With the Cactus League season on the back burner and the Cubs looking to open the 2009 campaign in Houston in 4 days, the Cubs' bullpen picture was supposed to be clearer by now, right? Not so much. Even Lou Piniella has admitted to not being sure who will fill the Cubs' final two spots.
But what might be scarier than the vacancies themselves, is what Piniella brought up about their experience: it's not with the Cubs.
Carlos Marmol and Neal Cotts remain the only players named to the bullpen roster who were with the Cubs last season. Kevin Gregg (signed from Florida), Aaron Heilman (traded from the Mariners) and Luis Vizcaino (from the Rockies for Jason Marquis) are the other confirmed spots.
That leaves Chad Gaudin, Jeff Samardzija, Angel Guzman and Rule 5 pick David Patton as the Cubs' only options. Patton is obviously the most surprising. He has gotten this far on numbers this season. His ERA is 1.35 with 13 hits in as many innings. The ERAs of the other three mentioned above: atrocious. Gaudin has surrendered 20 runs, in 26 innings, leaving him with a 10.91 ERA. Samardzija and Guzman are both in the 7s.
It's likely that Piniella would much rather have someone more seasoned than Patton, but nobody's giving him the excuse. The only real excuse is that Gaudin is owed $2 M this year. In fact, I would predict Gaudin and Patton are the two final selections with Samardzija getting some time in Triple-A to make some adjustments and Guzman could get the short end of the stick having not been placed on waivers.
So while things might change after the Cubs take on the Yankees at Billion-Dollar Field this weekend, here's my pen picture: Gaudin, Patton, Cotts, Vizcaino, Heilman, Marmol (set-up), Gregg (closer).
Vizcaino, Cotts and Marmol all posted 4.50 ERAs or higher over about 10 innings a piece. Vizcaino is a journeyman, his stats might be up and down all season, Cotts is a lefty specialist who Piniella tends to use less than an inning at a time and Marmol still has something left to prove as a wannabe closer. As fun as Marmol was to watch at times last season, I maintain the Cubs could have benefited from trading him. His value was so high at the end of the season that the Cubs could have gotten back another reliever to fill his place (with Heilman in the set-up role) and some other talents, instead letting another team deal with erraticism.

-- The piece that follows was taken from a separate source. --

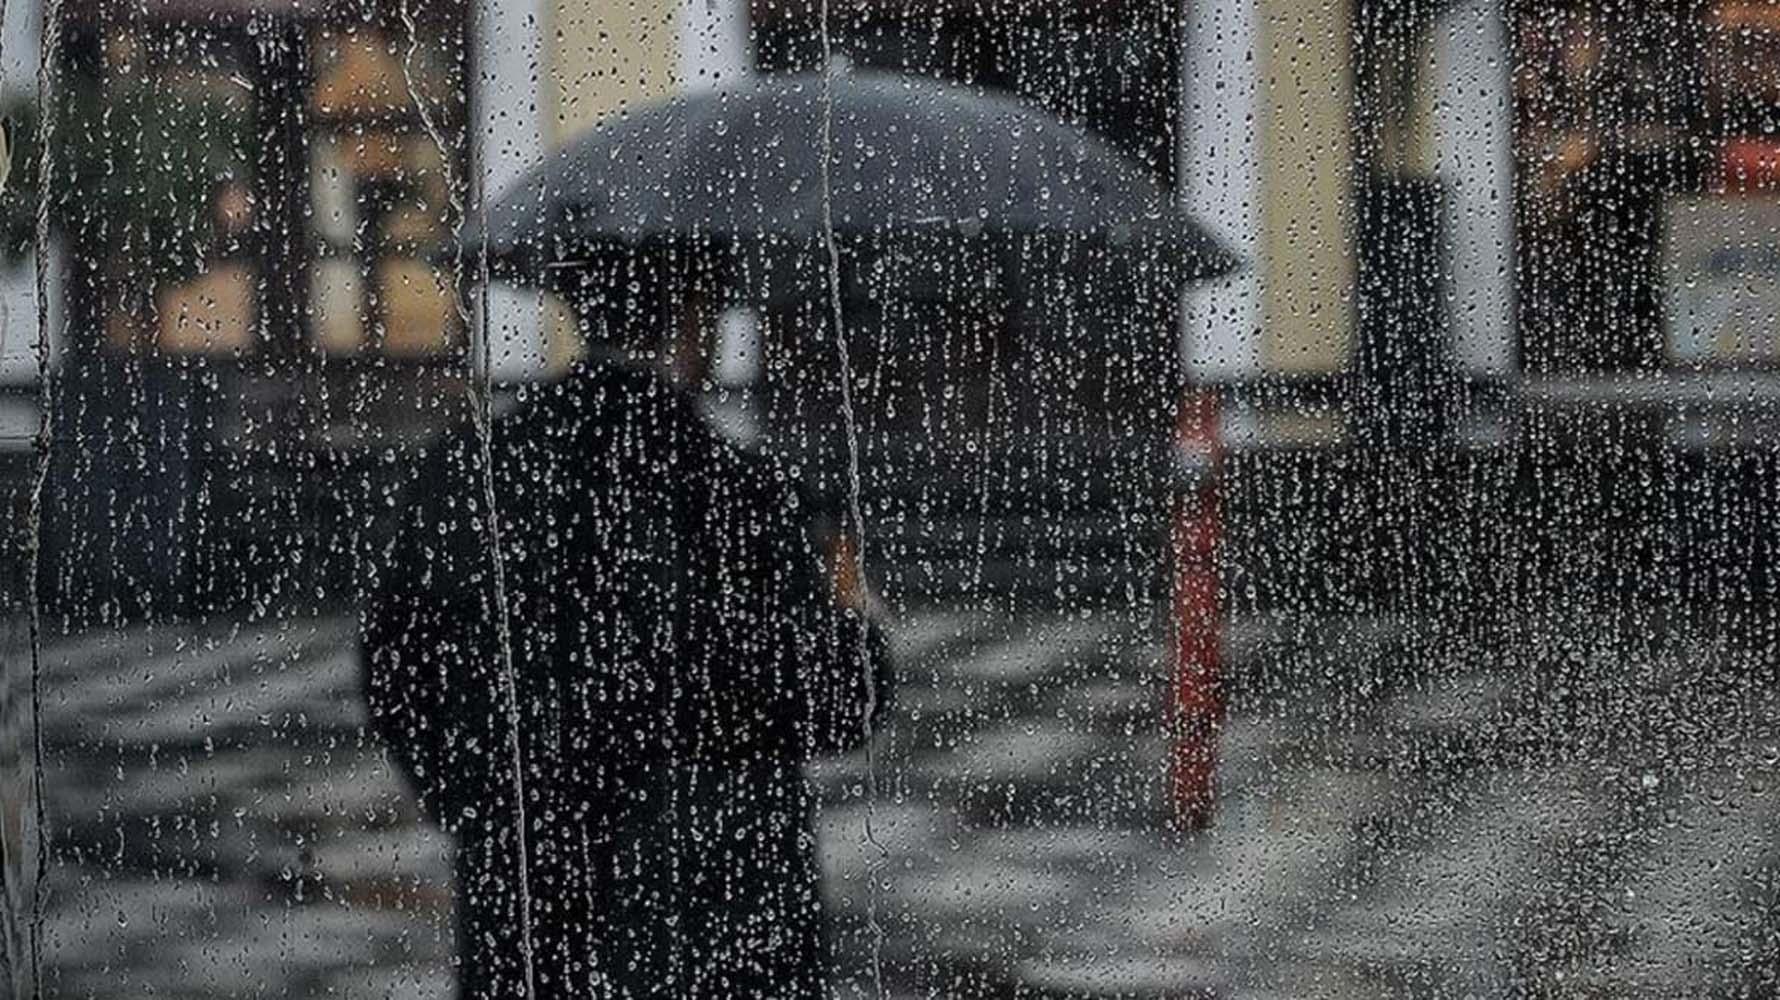 İstanbul ve çevresi için alarm! Meteoroloji'den kritik uyarı geldi
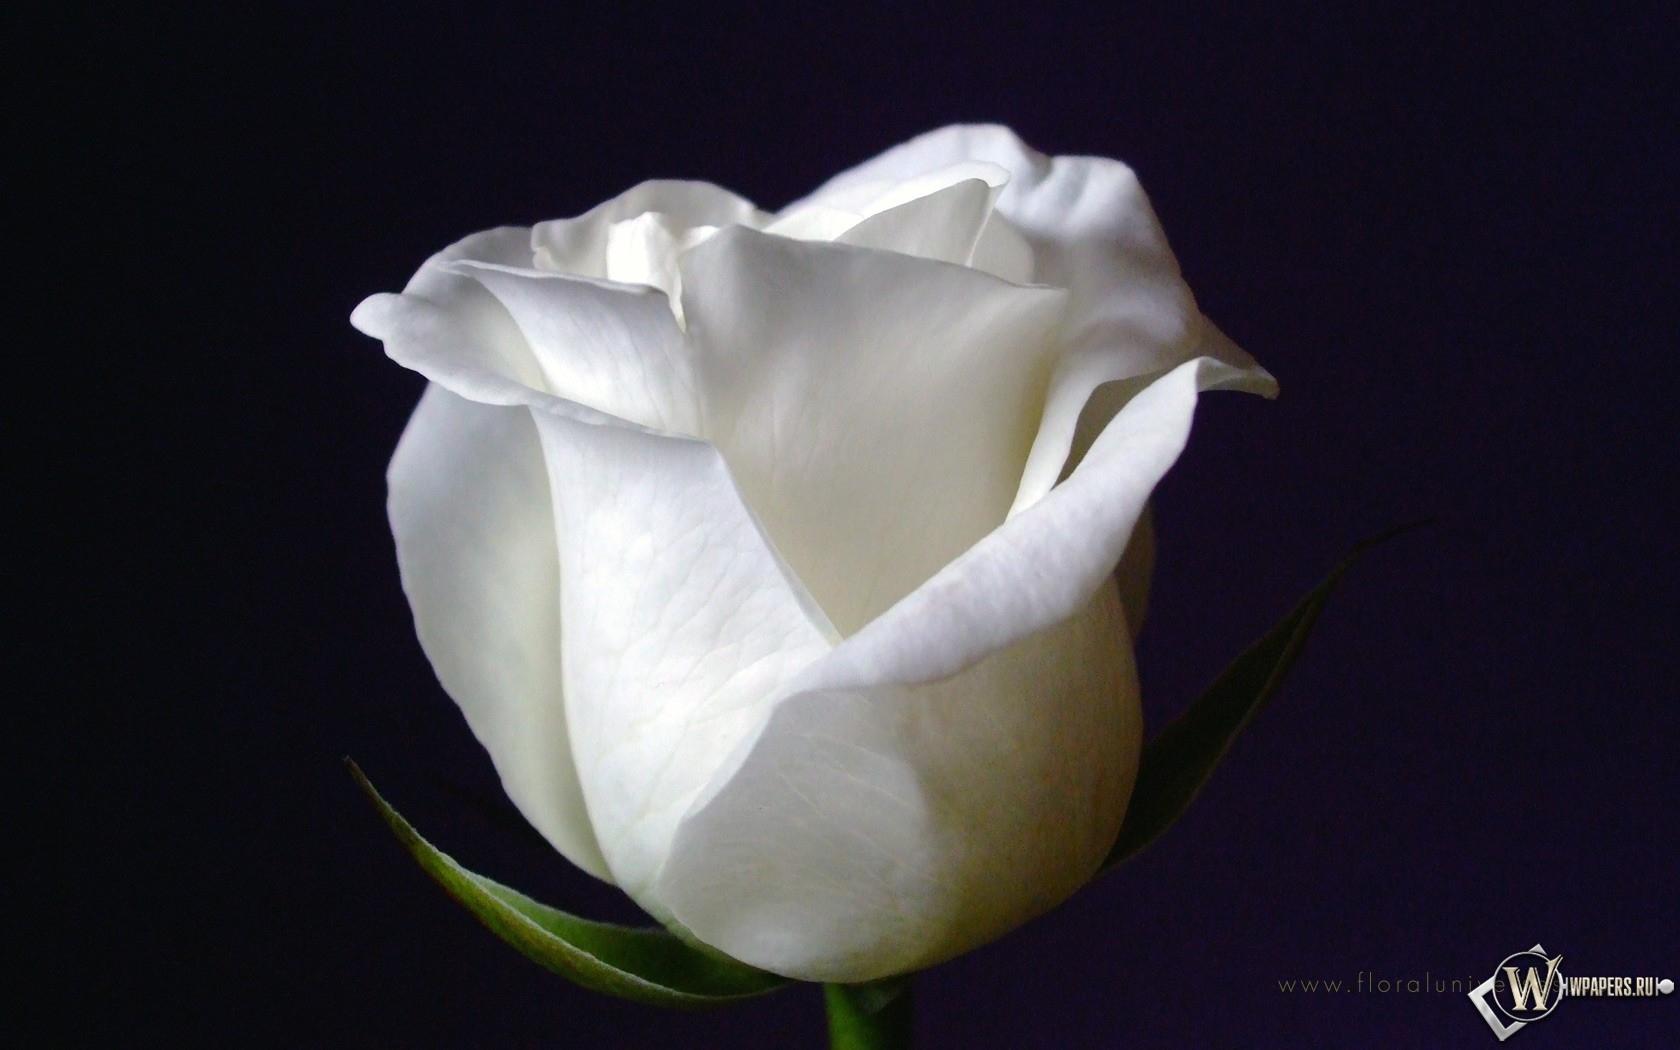 White Rose 1680x1050

There are some serious overuse concerns after what happened last season and with Piniella's notoriously short leash and a pen that's less than deep, Marmol could see the mound just as much this season when he shouldn't.
Gregg has given up 4 hits in 9 innings and no runs, so he's the right man for the closer job at the moment. If Marmol should find his game and Gregg struggle, that could change.
The only other obvious problem besides who is going to get the Cubs to Marmol and Gregg in games where the starter has issues is the lack of a left-hander. Lefty bench bats are going to tear at the Cubs in a handful of games this season. With Sean Marshall in the rotation, the only question in opposing managers minds will be "have they gone to Cotts yet?" If yes, then high-ho lefties, away.
Sure, there's always the chance that Gaudin will find his form and Patton will turn into a bona-fide pitching gem, but right now, skeptics have got to be eying that pen as the Cubs' only potential downfall. If for some reason the rotation can't live up to another year of high expectations, the pen could cause a lot of harmful undoing. I wouldn't be surprised in that situation to see the Cubs flirting with Jake Peavy again come July.